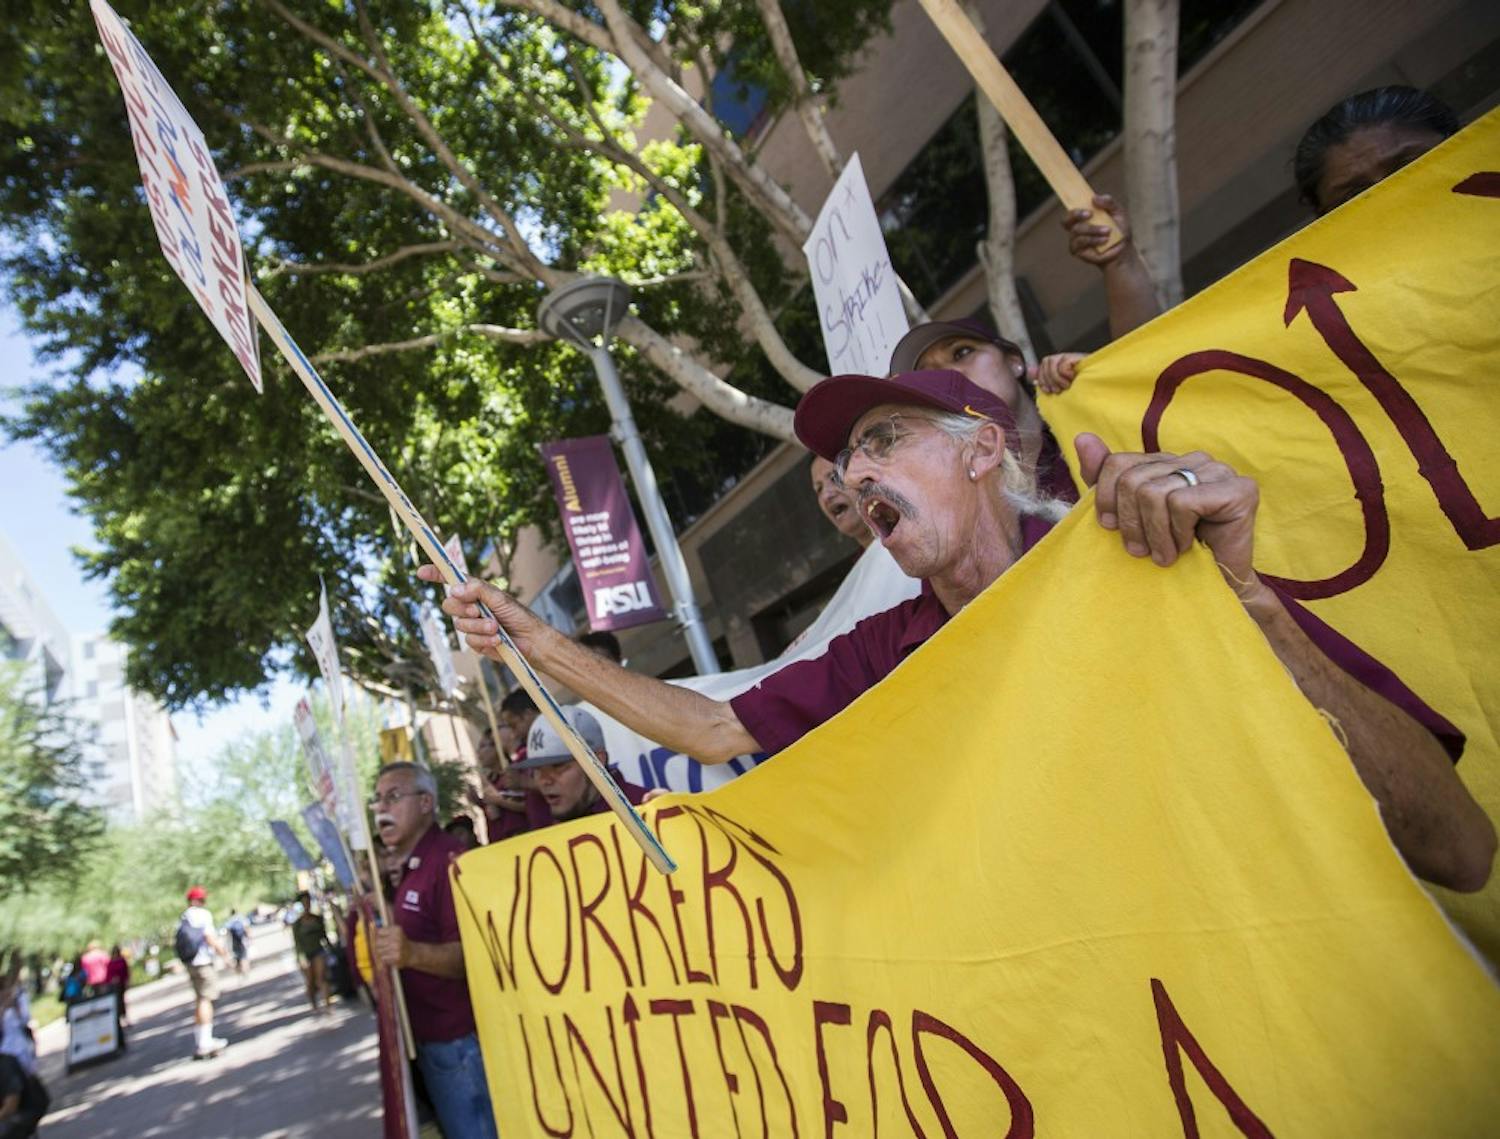 Olympus employees protest in Taylor Mall on the Downtown Phoenix campus on Thursday, Sept. 1, 2016. The employees were protesting unfair working conditions at Olympus, a company ASU contracts for janitorial services in buildings across campus. 
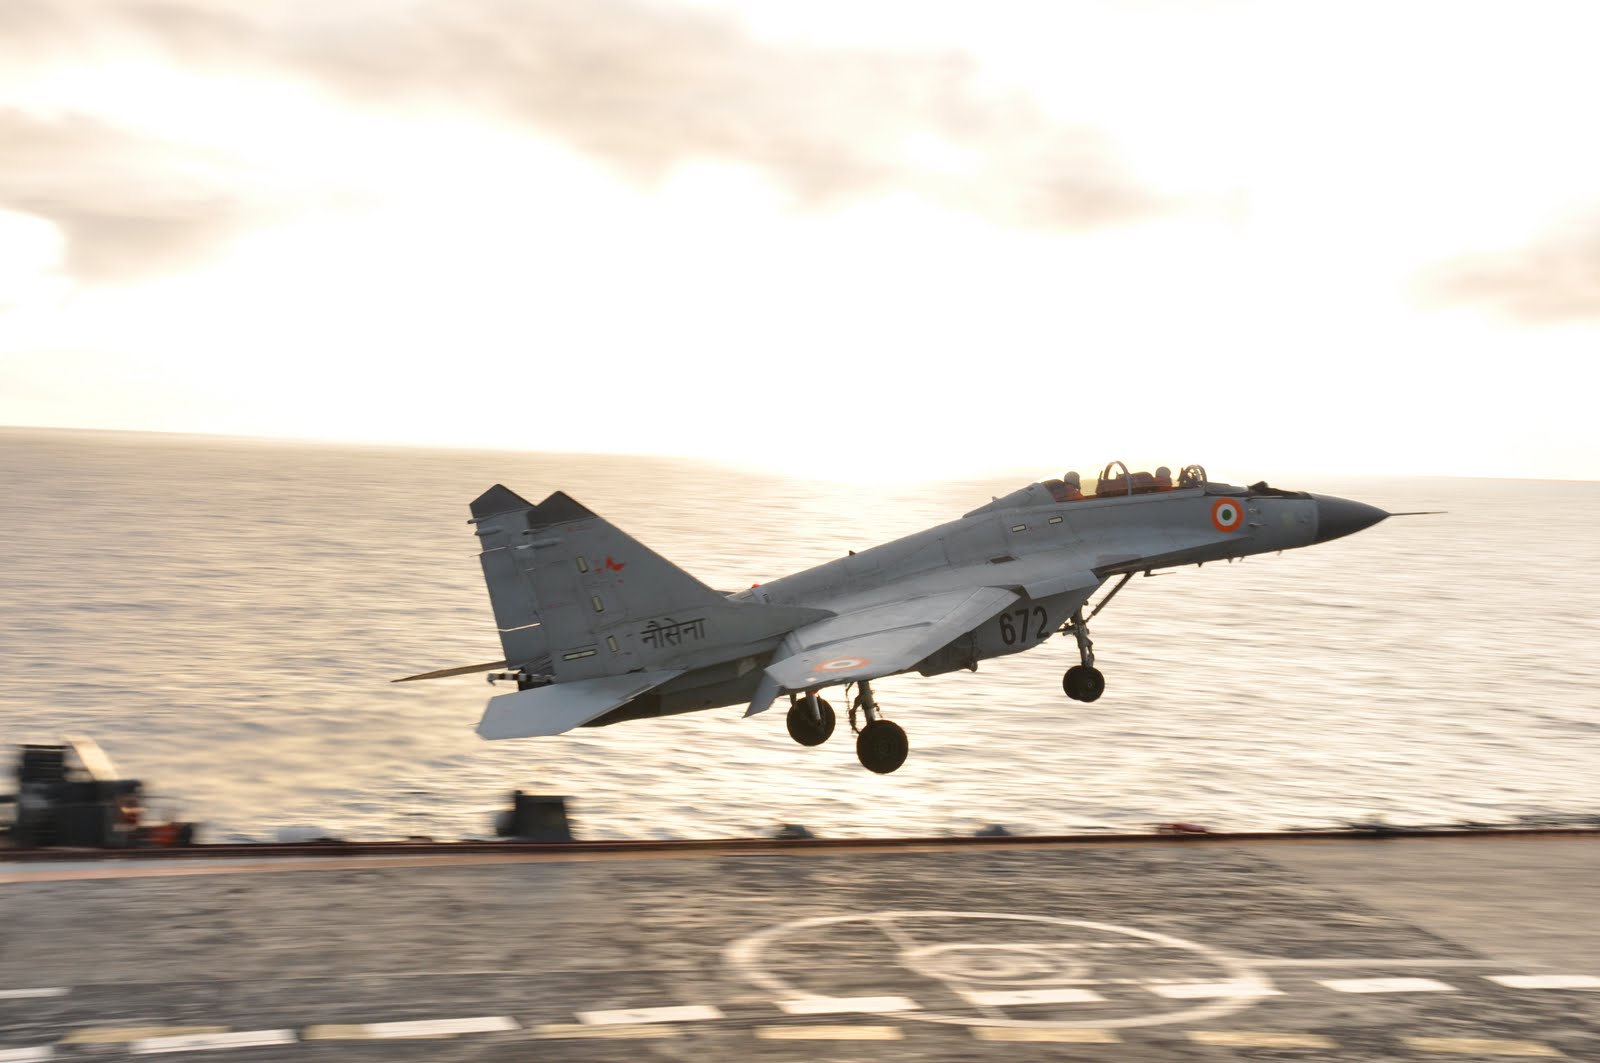 Indian_Navy_Mig-29K-practising_to_land_at_Russian_Navy_Carrier_deck.
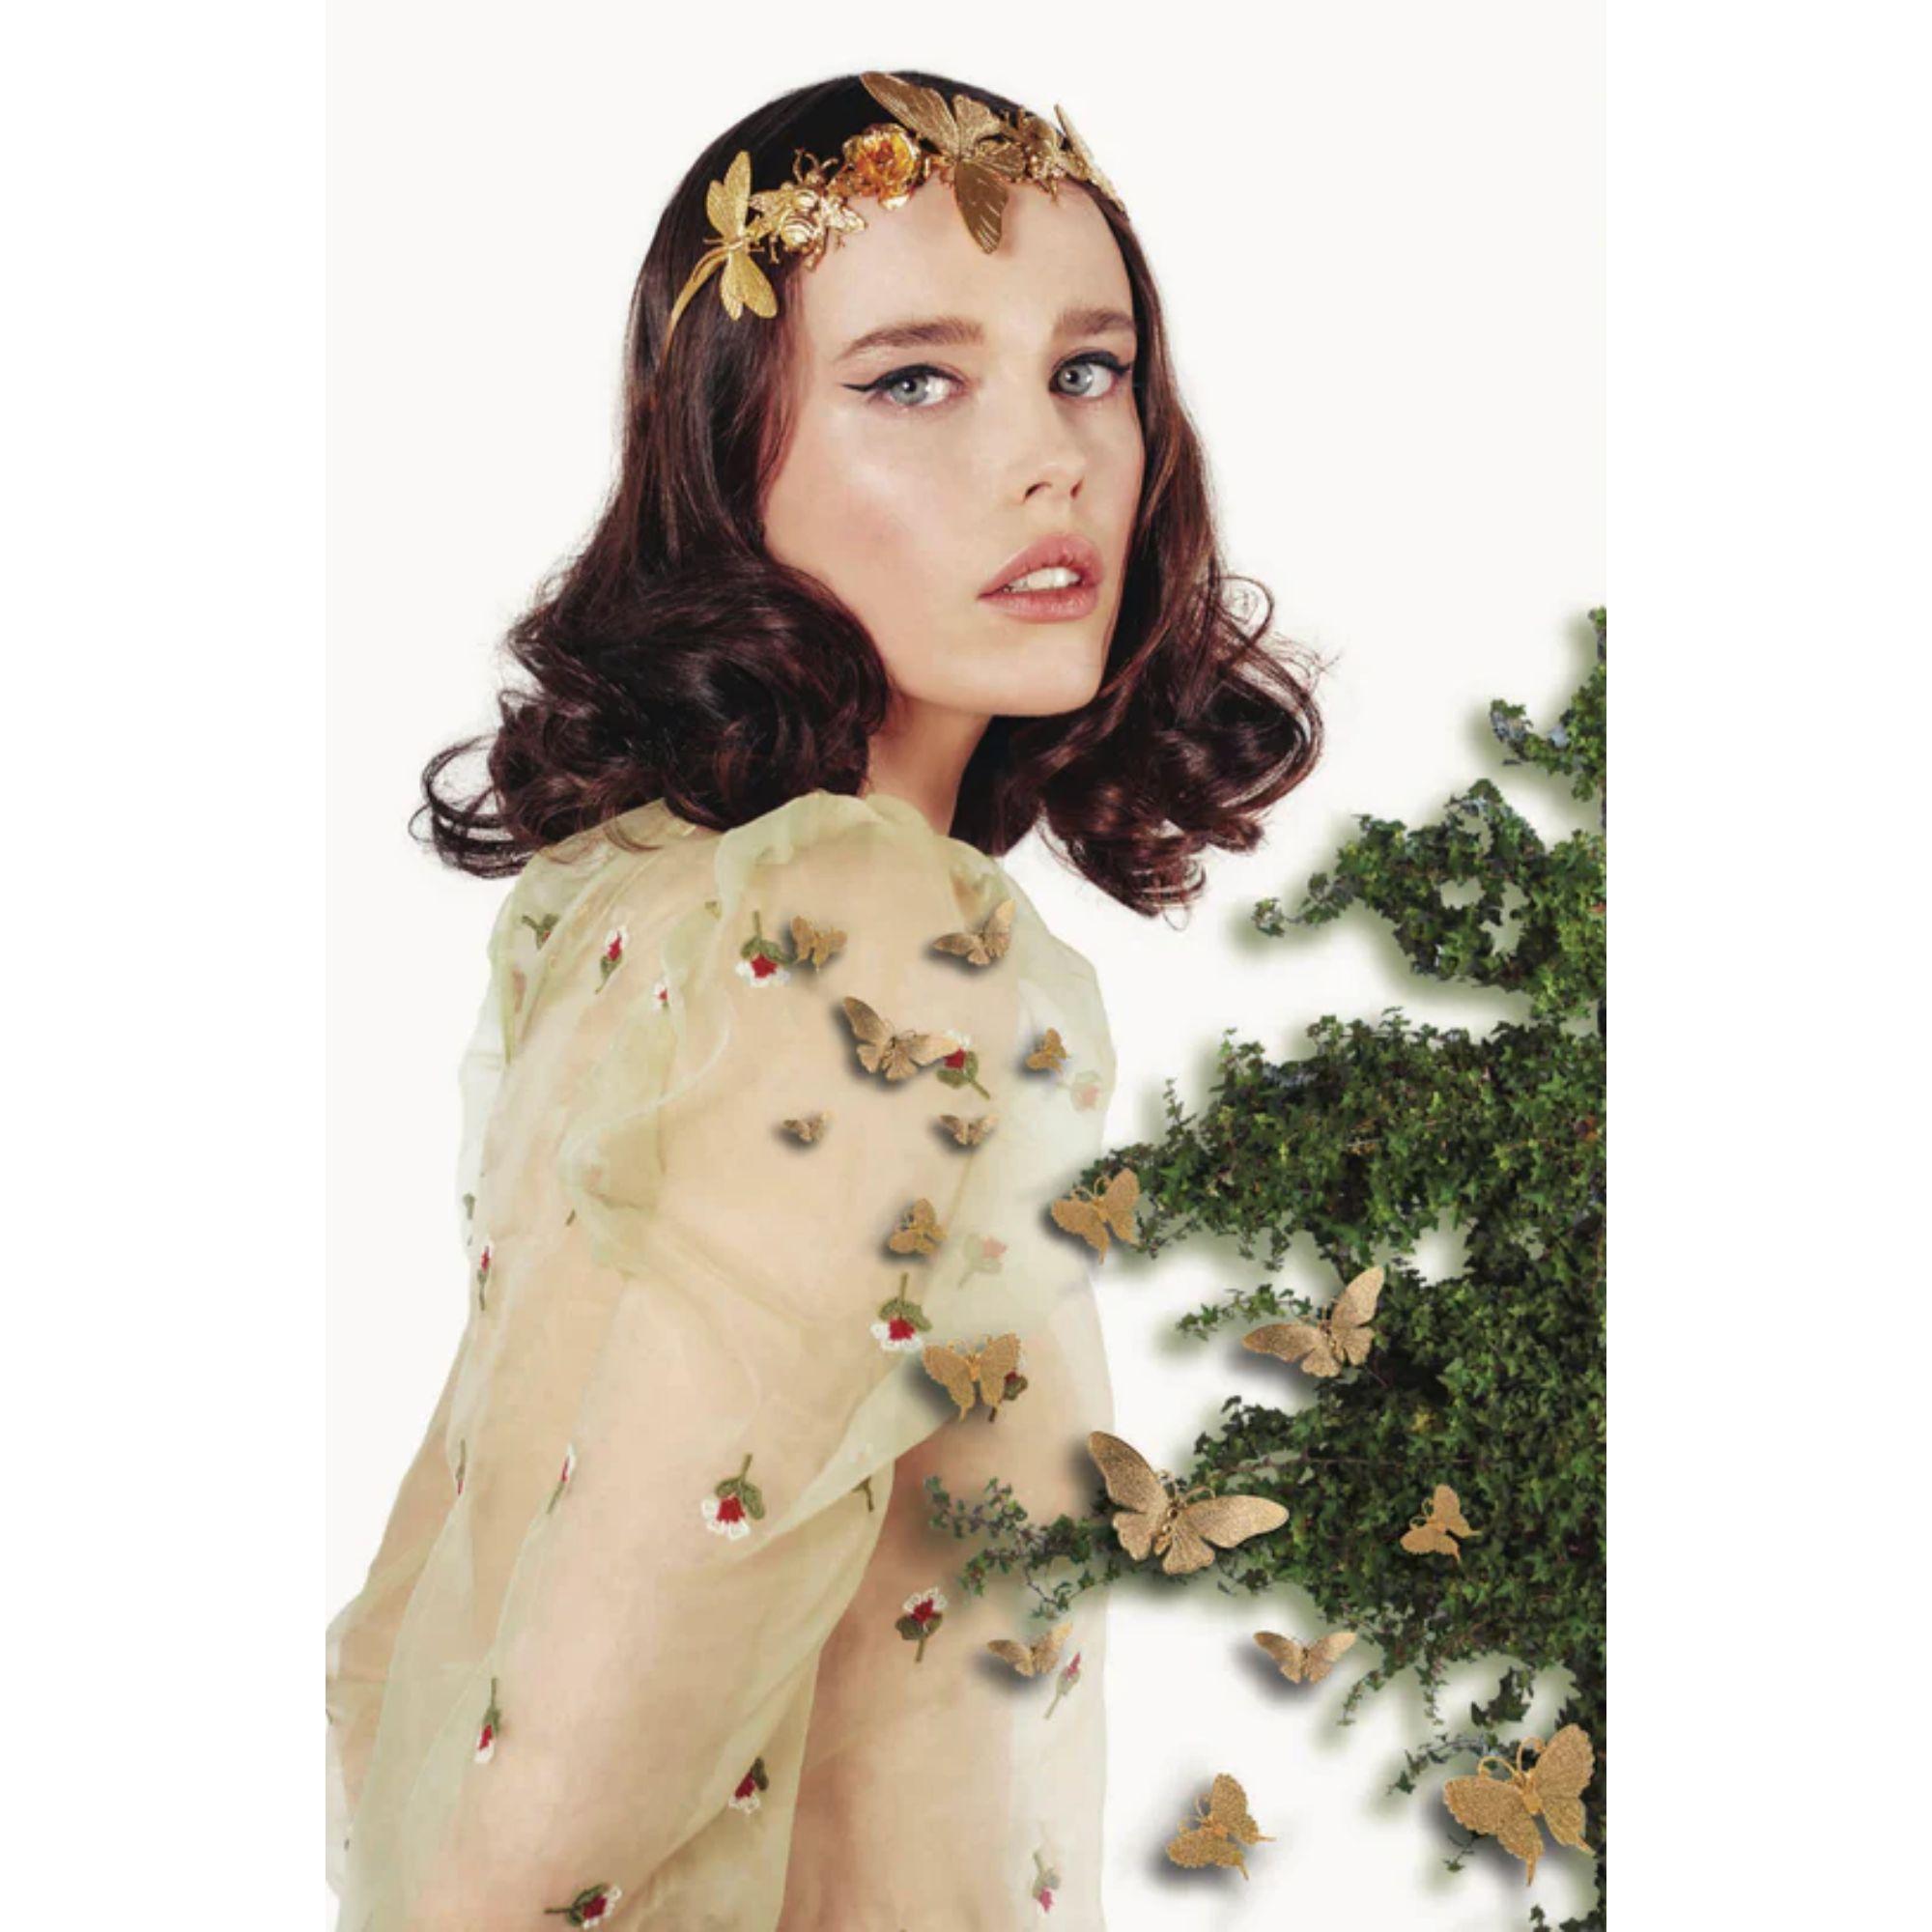 The headpiece that puts all of MORDEKAI's creatures together for a stunning array of an opulent garden and its inhabitants. This luxurious piece really captures the fantasy of the garden of Eden and the majesty of nature. Available in 24k gold,
-------------------------
**Assignment:**
With the pictures excluded, restate the material exactly as it stands.

**Result:**
 Olympus employees protest in Taylor Mall on the Downtown Phoenix campus on Thursday, Sept. 1, 2016. The employees were protesting unfair working conditions at Olympus, a company ASU contracts for janitorial services in buildings across campus. 
 Indian_Navy_Mig-29K-practising_to_land_at_Russian_Navy_Carrier_deck.
 The headpiece that puts all of MORDEKAI's creatures together for a stunning array of an opulent garden and its inhabitants. This luxurious piece really captures the fantasy of the garden of Eden and the majesty of nature. Available in 24k gold,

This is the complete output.